Do you ever find that grace is hard to comprehend, especially the grace of God? Have you ever struggled not to view yourself as the blackest and most vile of sinners even after salvation? Someone whom God has slopped the white paint of His grace over, much like someone slopping white paint on a black wall, trying to hide the darkness but failing so that blackness peeks through and shadows the white. You see yourself as though you are only a partly covered by His grace, but underneath is your pitch black soul. You think, but how could He love me, does He not see my sin, my worthlessness and failings? You fight this idea of grace, freely given, that washes you bleached white. Grace that is not poorly covering your sin, but grace that has washed it all away as totally as bleach washes your mother's sheets crisp and spotless white.
"But how could anyone love me that much if they really knew what I am?"
This is the mystery, the greatness, that has left generations in awe.
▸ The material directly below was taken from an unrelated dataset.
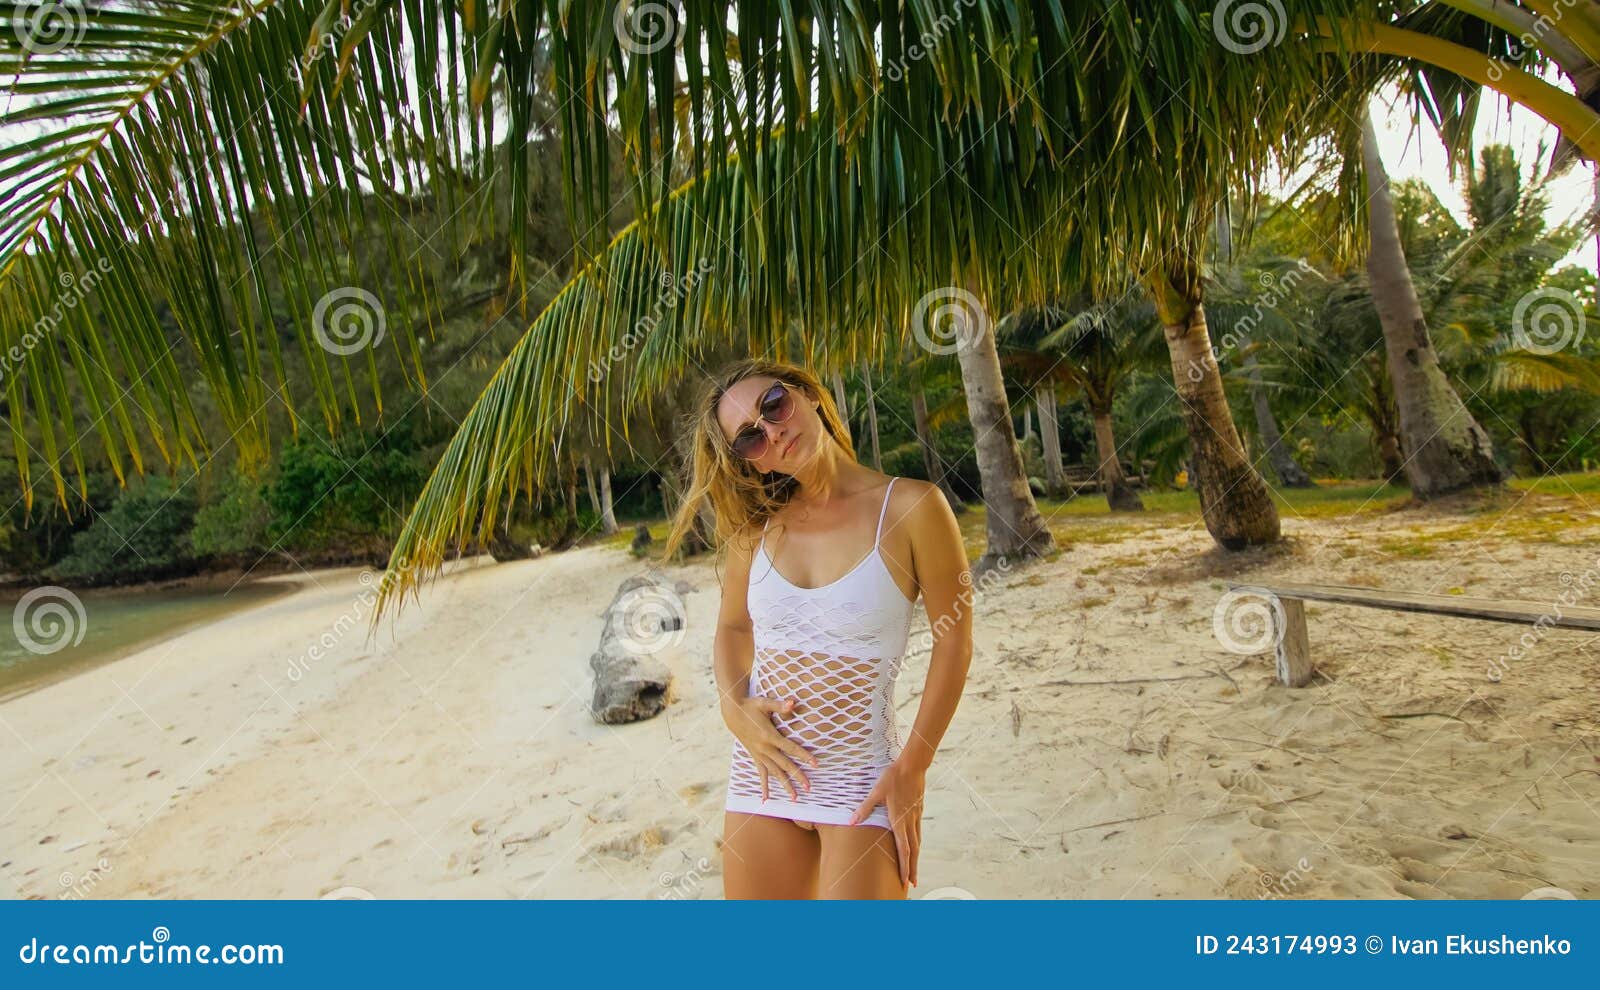 Ladies with appetizing breasts have a good time on the beach

There is no human reasoning that could explain a love like His. A love that sees, not passed our sin, but sees us as though we had never sinned. Who does not see us as we once were, but as we never can be on earth, sinless, flawless, perfect.
There is nothing we can do to attain this perfection in His eyes. No number of works or words. It is the amazing grace extended to us, the righteousness of His own Son.
"He made Him who knew no sin to be sin on our behalf, so that we might become the righteousness of God in Him" (2 Corinthians 5:21).